Find the average deviation for the grouped data given below: $$ \begin{array}{|c|c|c|c|c|c|} \hline \text { Class } & \text { Frequency } \mathrm{f}_{\mathrm{i}} & \text { Class Mark } \mathrm{X}_{\mathrm{i}} & \overline{\mathrm{X}} & \left|\mathrm{X}_{\mathrm{i}}-\overline{\mathrm{X}}\right| & \mathrm{f}_{\mathrm{i}}\left|\mathrm{X}_{\mathrm{i}}-\overline{\mathrm{X}}\right| \\\ \hline 49-54 & 6 & 51.5 & 66.5 & 15 & 90 \\ \hline 55-60 & 15 & 57.5 & 66.75 & 9 & 135 \\ \hline 61-66 & 24 & 63.5 & 66.5 & 3 & 72 \\ \hline 67-72 & 33 & 69.5 & 66.5 & 3 & 99 \\ \hline 73-78 & 22 & 75.5 & 66.5 & 9 & 198 \\ \hline \end{array} $$

Short Answer

Expert verified
The average deviation for the given grouped data is \(5.94\).

Step by step solution

01

Identify and Group Data

The given data is already grouped, and all the required columns are filled out.
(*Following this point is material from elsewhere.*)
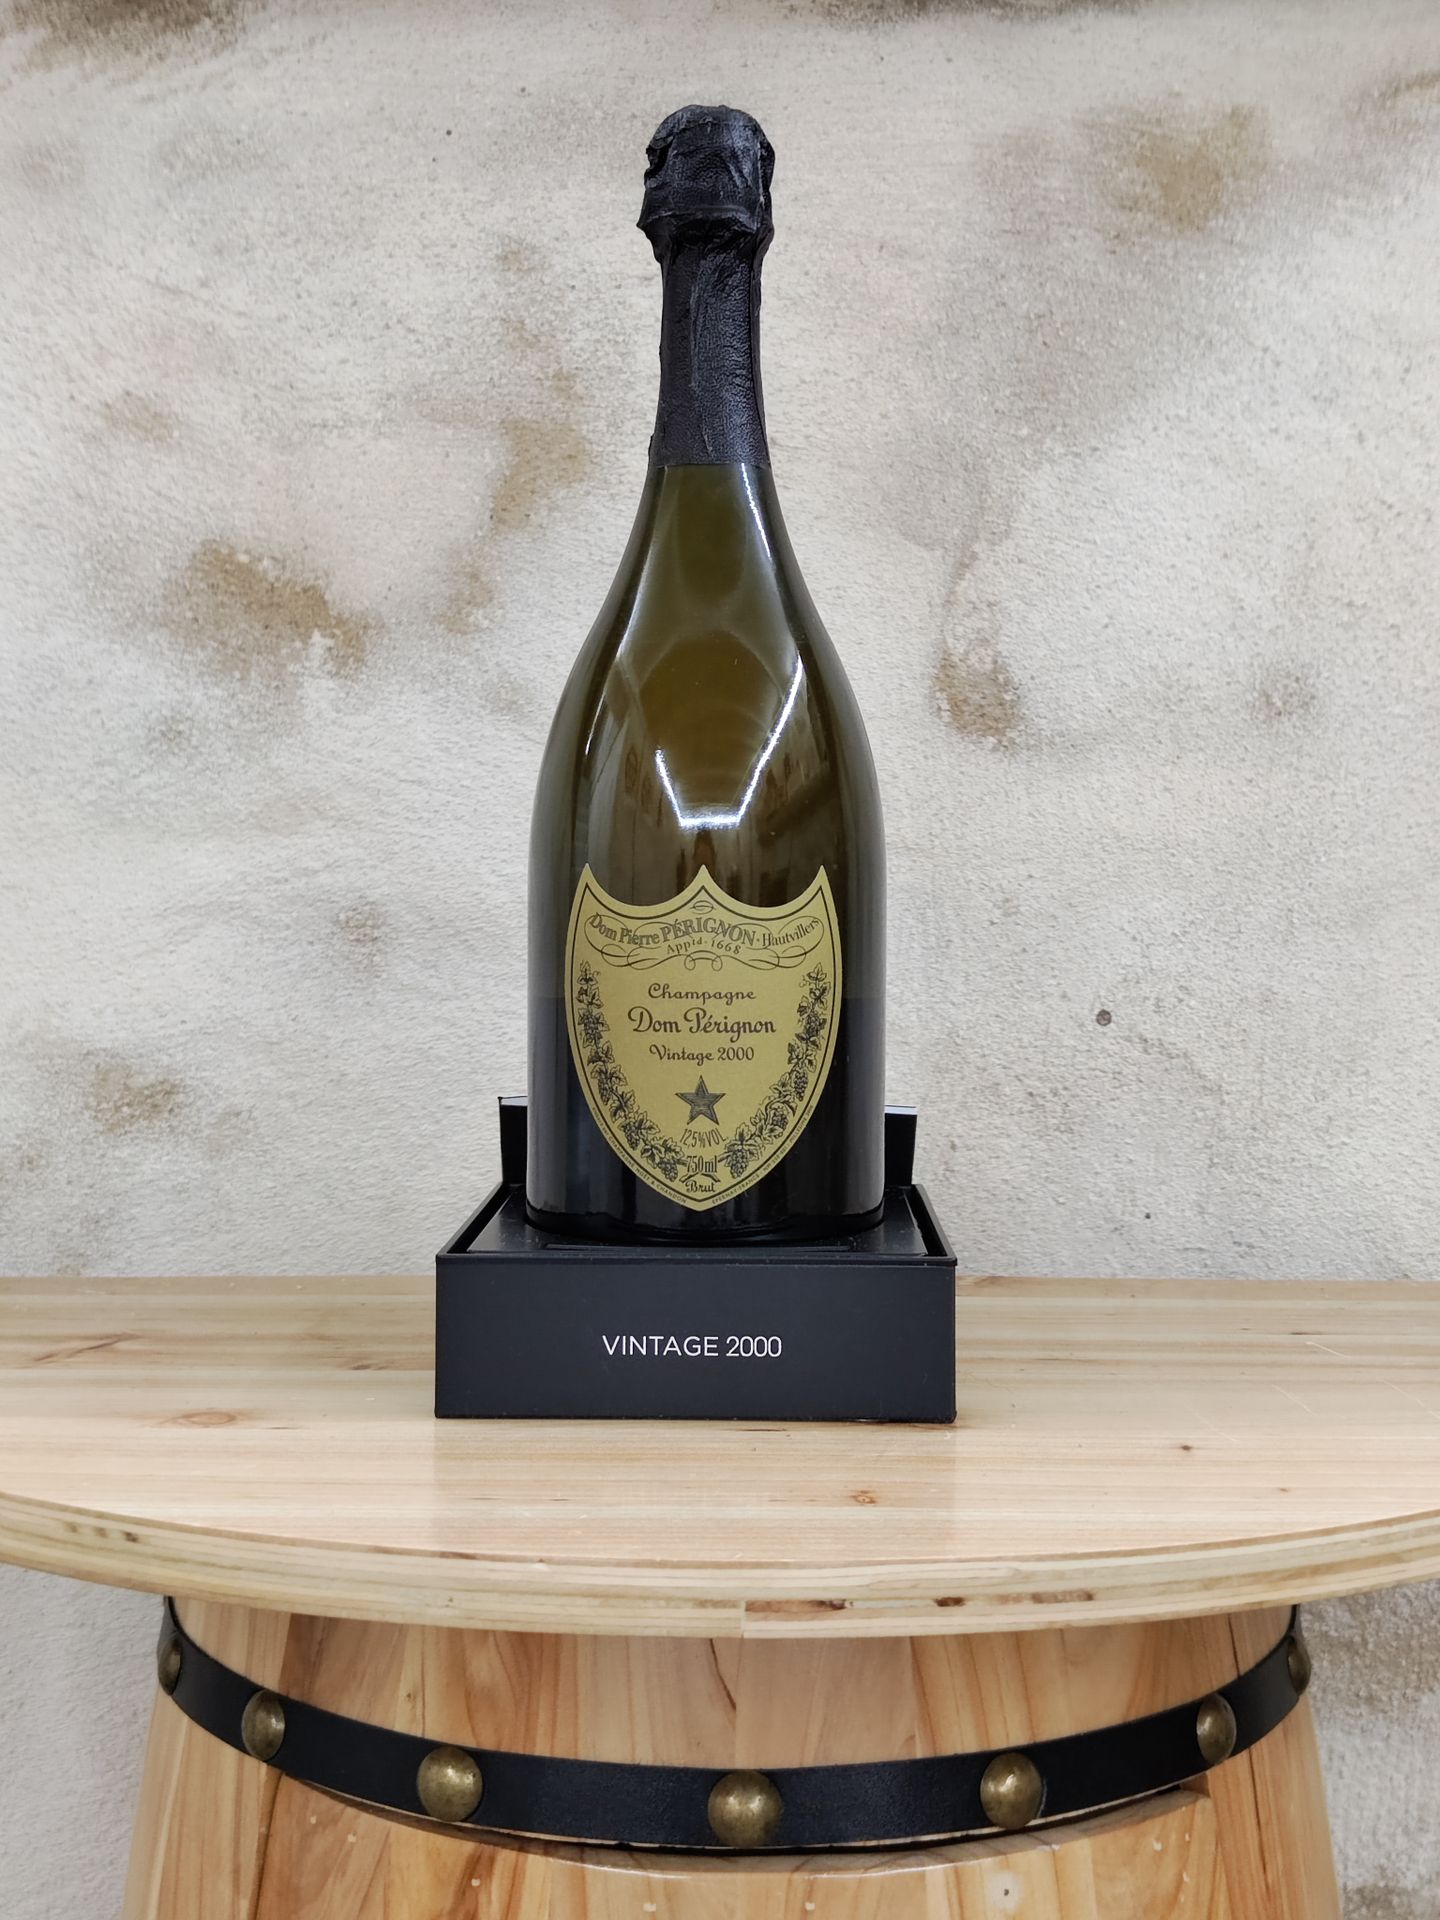 Null 1 bottiglia di champagne DOM PERIGNON brut, annata 2000.
Nella sua scatola.

The class mark \(X_{i}\) is already given along with the frequency \(f_{i}\) and the absolute values of their deviation from the mean |\(X_{i}-\overline{X}\)| for each class. The product \(f_{i}\cdot |X_{i}-\overline{X}|\) is also given.
02

Sum up the frequencies and the absolute deviations for each class

Identifying the column of \(f_{i}\cdot |X_{i}-\overline{X}|\), add up all these values. The sum \(\Sigma f_{i}\cdot |X_{i}-\overline{X}|\) equals 90+135+72+99+198 = 594. Similarly, add up the values of frequencies to get \(\Sigma f_{i}\) = 6+15+24+33+22 = 100.
03

Calculate the Average Deviation

Use the formula \(\text{Average deviation} = \frac{\Sigma\left(f_{i} \cdot \left|X_{i}-\overline{X}\right|\right)}{\Sigma f_{i}}\) to find out the average deviation. Substituting \(\Sigma\left(f_{i} \cdot \left|X_{i}-\overline{X}\right|\right) = 594\) and \(\Sigma f_{i} = 100\) into the formula, we get \(\text{Average deviation} = \frac{594}{100} = 5.94\). The average deviation for the given grouped data is 5.94.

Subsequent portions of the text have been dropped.